The bestiary is varied and brimming with foes human and animalistic alike, from giant spiders, dark wizards, trolls, goblins, poachers, ancient guardians and more. Certain enemies are protected by barriers that can only be shattered with the correct spell, while others are weak to specific castings, further layering encounters with tactical nuance.
However, combat never feels unfairly stacked against you. Yes, it can overwhelming at times with multiple foes, but once you’ve mastered the art of dodging and counter attack (circle and triangle, respectively) and have a bevy of spells up your wizard’s cloak, duels become an exhilarating experience. Seriously, there’s nothing more awesome than casting Levioso on a pesky Goblin, peppering them with your basic spell before finishing them off with a blast of Configero. Or perhaps that dark wizard is causing you trouble from afar? Nab him close with Accio and show him who’s boss with a quick cast of Expelliarmus.
Over time, your conjuring skills will grow to the point where you can unleash massive combos by juggling enemies with multiple spells, while effortlessly repelling attacks. This requires some dexterous finger work on your part, but it’s oh so gratifying to pull off equally pleasing on the eyes. The controls make it easy to switch between spells with a squeeze of the R2 and corresponding face button, making duels responsible and intuitive. Oh, and there’s some pretty towering bosses you’ll go up against that will make good use of your spell casting and a bit of trial and error thrown in for good measure; even so, they never feel cheap and it’s satisfying to fell a lumbering troll with some deft use of your wand.
You can even mix things up a bit by growing your own Mandrakes and Venomous Tentaculars if you fancy it, lobbing them into combat by assigning them with L1 and watching them cause their own unique brand of carnage.
Speaking of spells, learning them is part and parcel of your student life; some are earned as part of the main quest, others will come to you in the form of Assignments. Here, Hogwarts teachers will request you complete some tasks (usually fetch quests for ingredients, making potions or meeting requirements in combat) and teach you a new spell as a reward.
Spellcasting, Puzzles And Side Quests Help Flesh Out Hogwarts Legacy
It’s a bit of a shame that some classes you attend do not actually allow you to participate; rather, they play out in a quick cutscene, which is a missed opportunity. However, earlier classes – ostensibly tutorials for basic potions, growing and combat – at least make you feel more involved, allowing you to get to grips with the basics.

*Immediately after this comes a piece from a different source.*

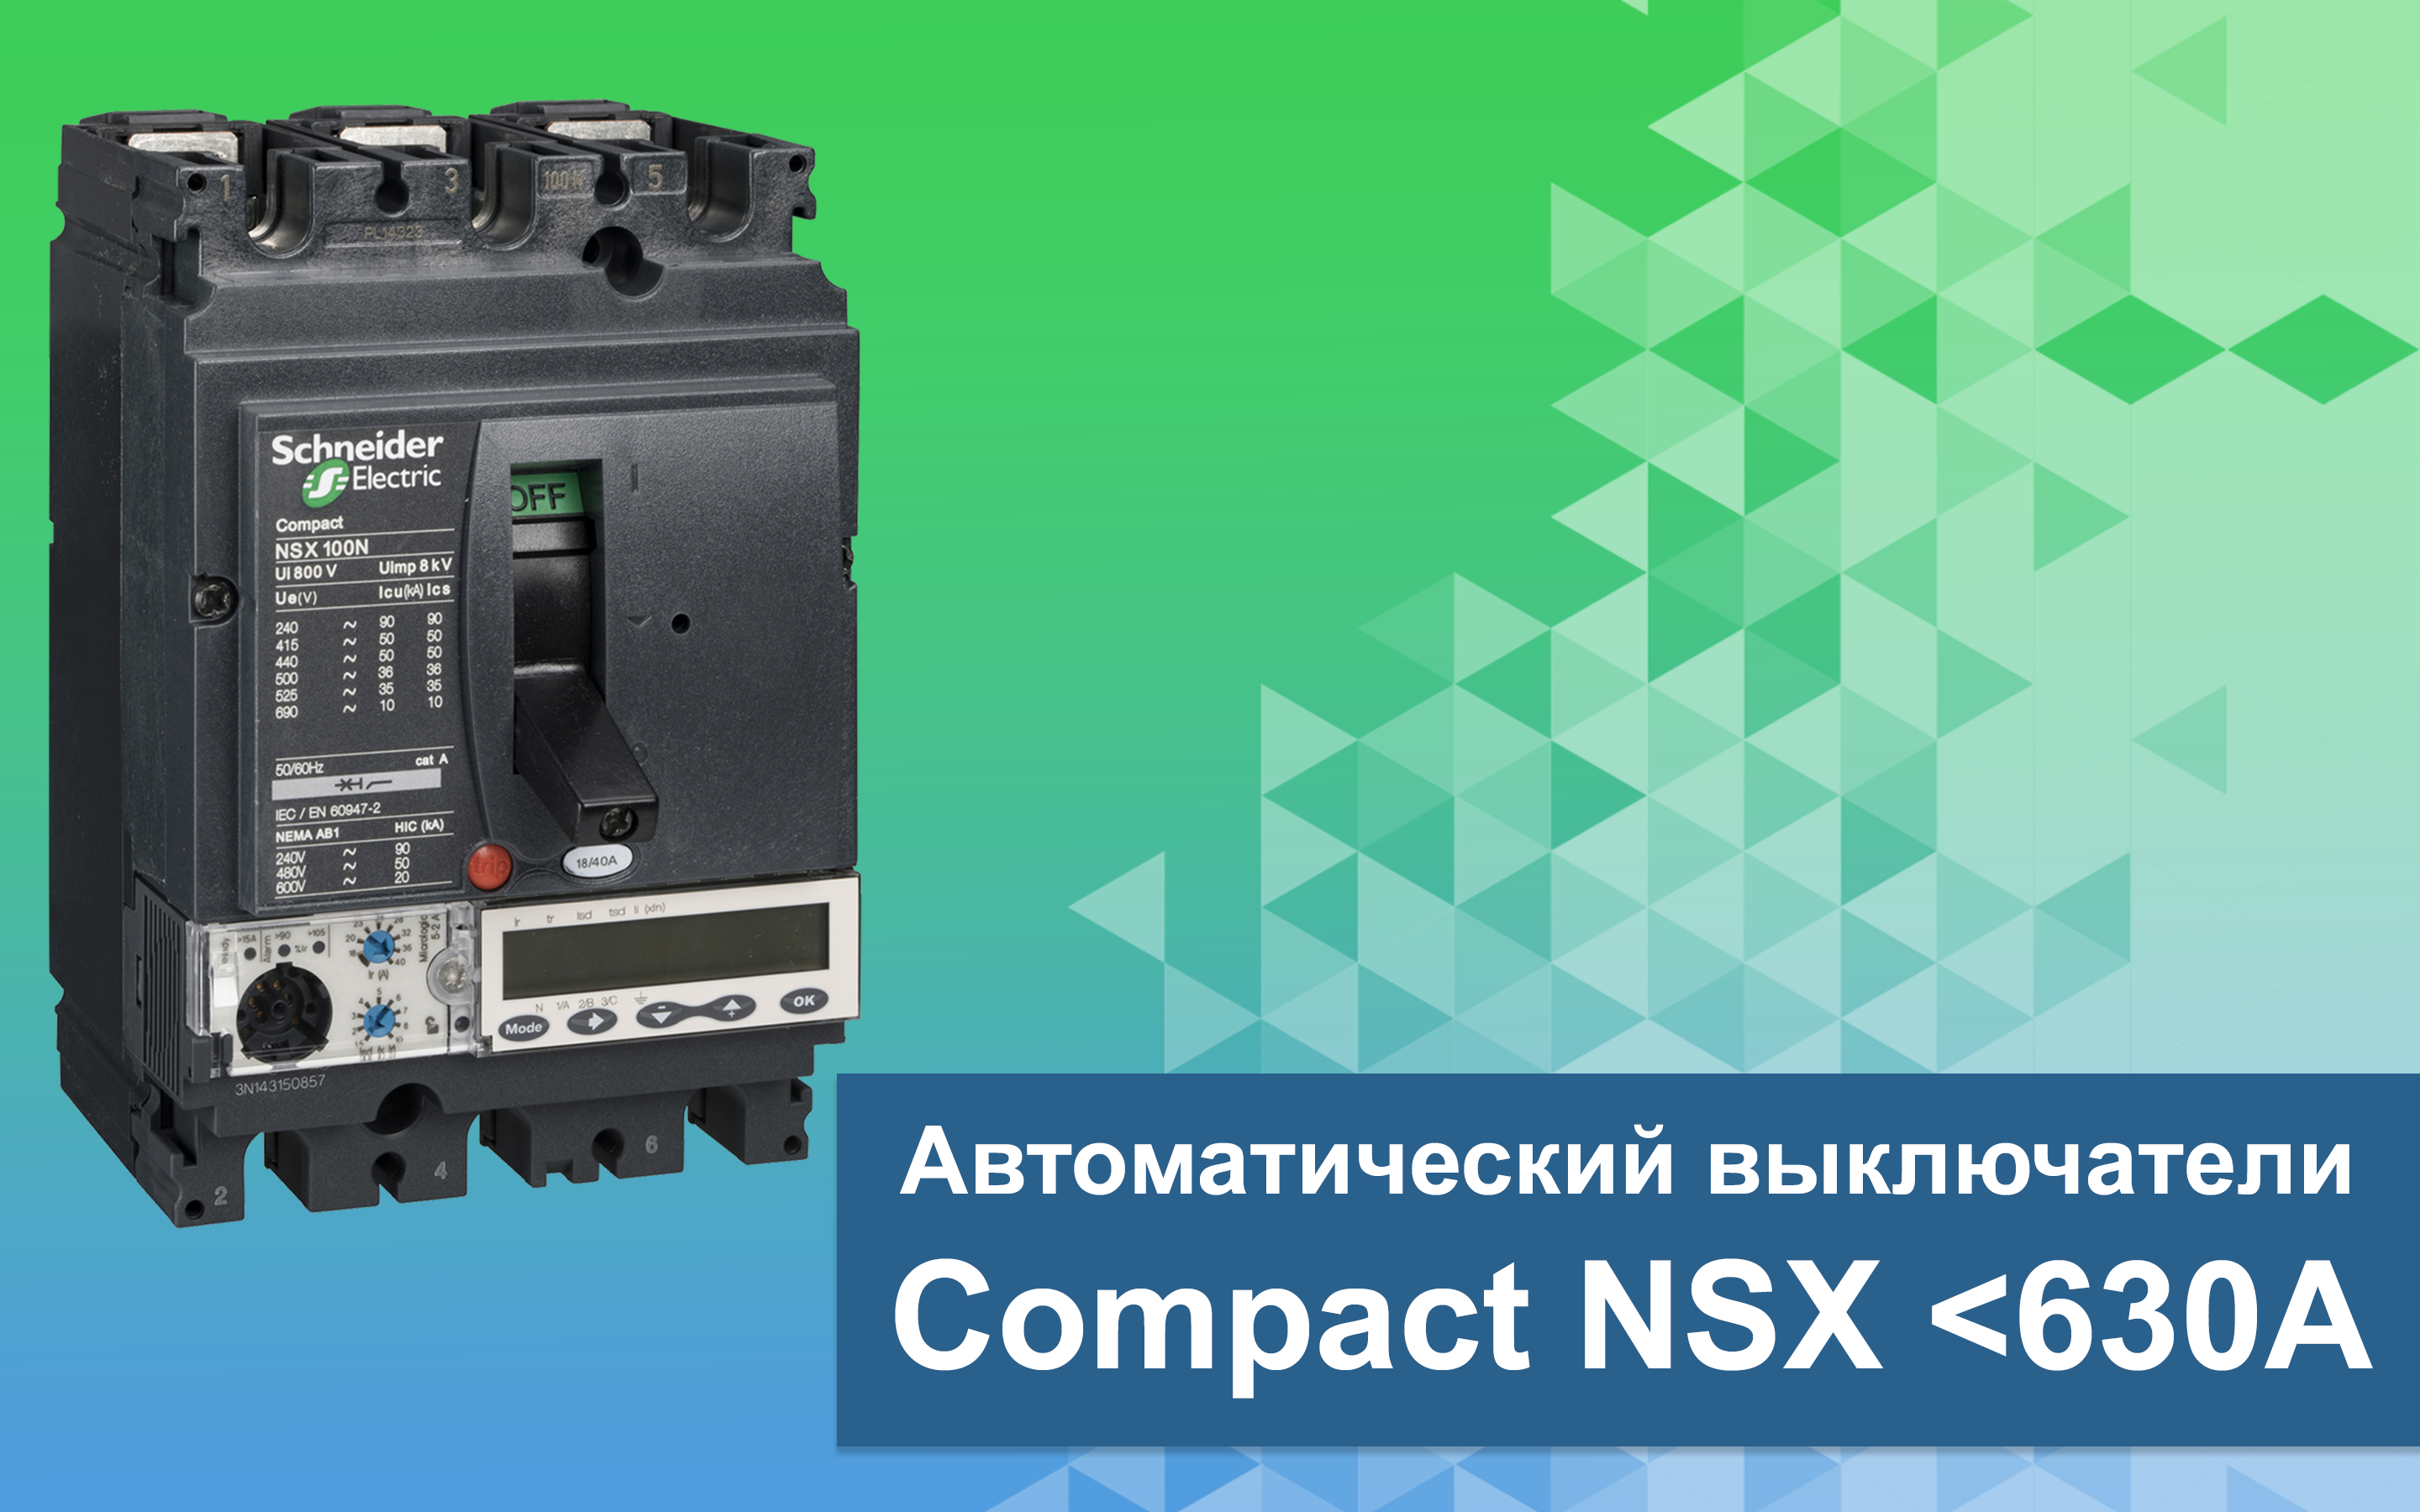 Интеллектуальные автоматические выключатели завтрашнего дня - Compact NSX 630А<

Assignments aren’t necessary to move the plot forward (main quests will give you the core spells you need) but I felt compelled to do them regardless. Aside from the fact it’s so rewarding to apply them in the field, the feeling of actually strengthening and growing my sartorially-challenged wizard chap is greatly accentuated as a result. It’s also important to note that your spells are put to good use for things besides zapping bad guys. Environmental traversal, puzzles and stealth all make use of your repertoire, whether it’s using Lumos to guide a butterfly back into its magical painting home or using Accio to manipulate floating platforms.
Hogwarts Legacy feels such a cohesive work as a result, with everything that’s intrinsic to the Wizarding mythos weaving its way into every nook and cranny of your adventure – people even use Owl Mail to contact you, which put a huge smile on my giddy face.
Of course, this is an RPG, so expect to hoover up XP and level up along the way, with your stats increasing further by equipping more advanced gear – leading to some decidedly incongruous wardrobe choices as you probably expect. Students and shop keepers alike will even comment humorously on your clobber. Talent Points meanwhile offer a palpable sense that you are becoming a more powerful wizard or witch. Here, you’ll feel points to buff things like Dark Arts, Stealth, Spells and more, which help you refine your character and fashion more of a unique playstyle as you increase your wizarding prowess. You’re never forced in one specific direction, and I never felt penalised for focussing my Talent Points in one key area over another.
The open-world is ripe with exploration opportunities too, and the amount of freedom you are afforded once things open up is impressive. There’s also tons of mini-games including Summoner’s Court, duelling training, solving Merlin’s Trials (these are great and really make use of a wide variety of abilities), popping balloons during flight, broomstick racing for fast time and bragging rights, and more. These are all optional of course, but with so much to see and do, the world is begging to be explored. You’ll also pack your Field Guide’s Collections tab with tons of lore and info about everything you’ve seen and done, so completionists can expect to spend dozens of hours hoovering everything up. Even as I write this review, there’s heaps of stuff I want to go back and discover, as the world has me totally hooked.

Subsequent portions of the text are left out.